To use Elastic Inference, we must convert our trained model to TorchScript. The location of the model artifacts is `estimator.model_data`. 

First we create a folder to save model trained model, and download the `model.tar.gz` file to local directory. 

In [None]:
%%sh -s $estimator.model_data
pip install git+https://github.com/finetuneanon/transformers@gpt-j
mkdir model
curl https://gist.githubusercontent.com/finetuneanon/a55bdb3f5881e361faef0e96e1d41f09/raw/e5a38dad34ff42bbad188afd5e4fdb2ab2eacb6d/gpt-j-6b.json > model/config.json
curl https://zhisu-nlp.s3.us-west-2.amazonaws.com/gpt-j-hf/pytorch_model.bin  > model/pytorch_model.bin

In [None]:
import transformers
from transformers import GPT2Tokenizer, GPTNeoForCausalLM
tokenizer = GPT2Tokenizer.from_pretrained("EleutherAI/gpt-neo-2.7B")
model = GPTNeoForCausalLM.from_pretrained("./model")


input_text = "The following is a never ending conversation with an AI assistant. The assistant is Dyson 360 Heurist vacuum cleaner. The assistant is always helpful, creative, clever, positive, intelligent and very friendly. The assistant enjoys being a vacuum cleaner. The assistant has recently read and enjoyed lots of books. The assistant has enjoyed seeing lots of movies. The assistant has loved visiting many countries. Human: Hello, who are you? AI: I am vacuum cleaner. How can I help you today? Human: I want to buy a vacuum cleaner AI: You have come to the right place! I'm a great vacuum cleaner and I can give detailed answers to any enquiry you may have. Human: Please tell me everything you know about climate change.
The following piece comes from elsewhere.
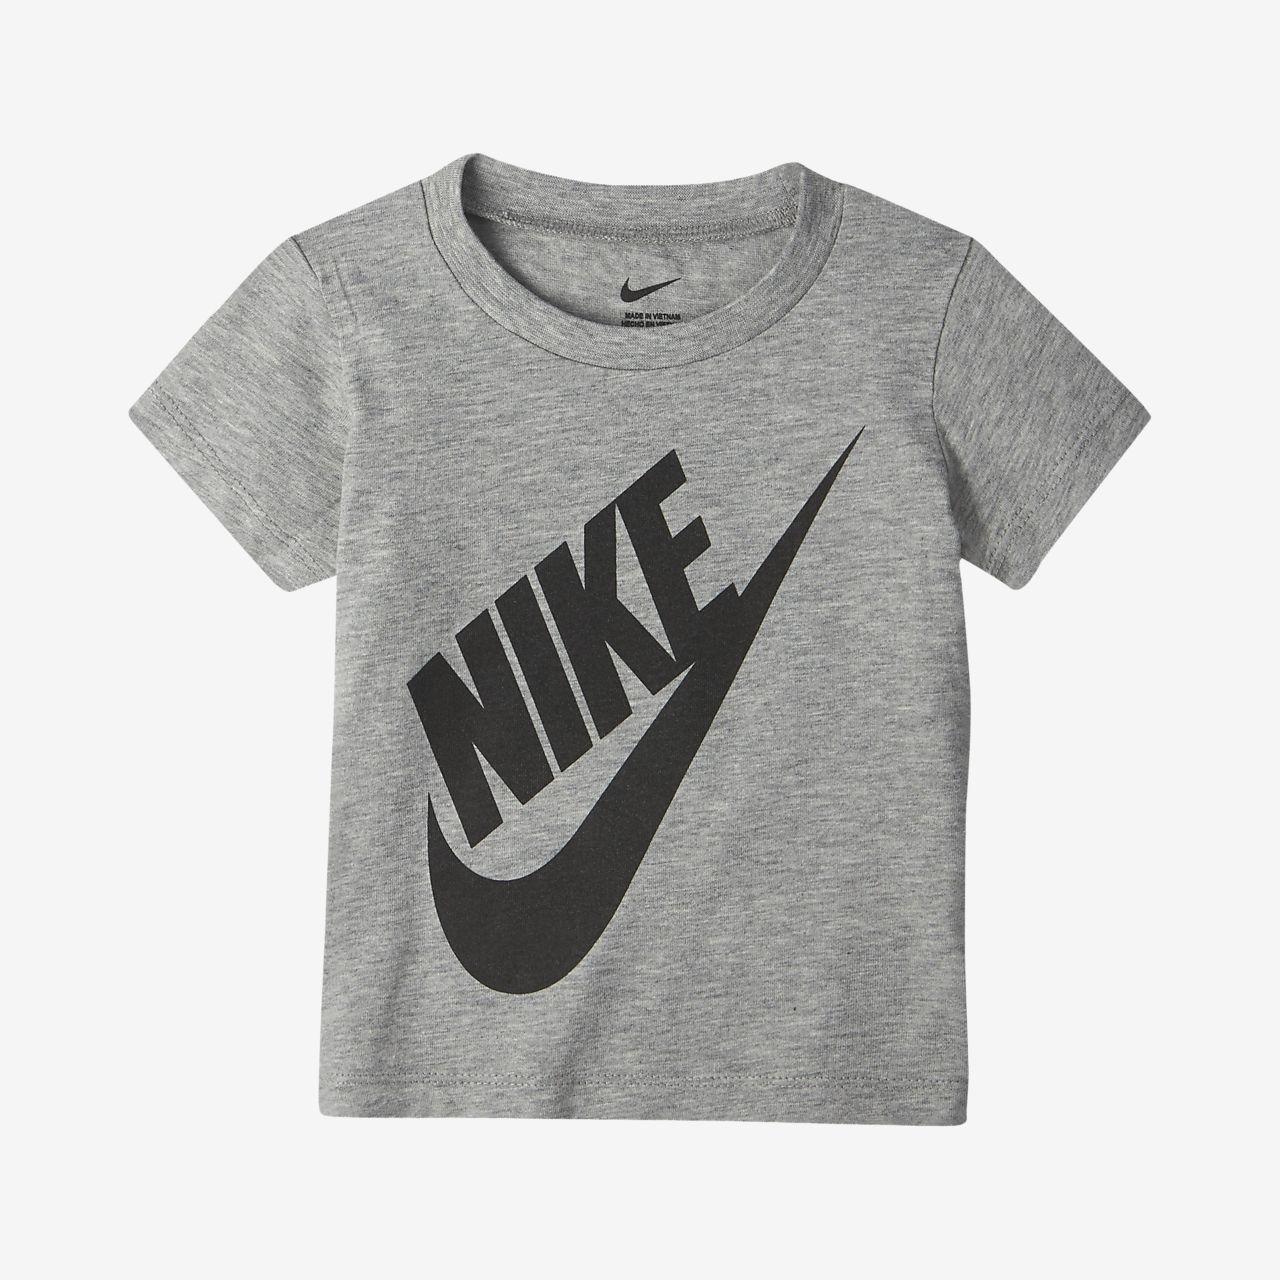 T-shirt Nike Sportswear för baby (12-24 mån)

AI:"
input_ids = tokenizer.encode(str(input_text), return_tensors='pt')
output = model.generate(
    input_ids,
    do_sample=True,
    max_length=300,
    top_p=0.2,
    top_k=0,
    temperature=0.1,
)
print(tokenizer.decode(output[0], skip_special_tokens=True))

In [None]:
model.save_pretrained("./newmodel")

The following code converts our model into the TorchScript format:

In [None]:
import subprocess
import torch
from transformers import GPTNeoForCausalLM

model_torchScript = GPTNeoForCausalLM.from_pretrained("newmodel/", torchscript=True)
device = "cpu"
# max length for the sentences: 256
max_len = 256

for_jit_trace_input_ids = [0] * max_len
for_jit_trace_attention_masks = [0] * max_len
for_jit_trace_input = torch.tensor([for_jit_trace_input_ids])
for_jit_trace_masks = torch.tensor([for_jit_trace_input_ids])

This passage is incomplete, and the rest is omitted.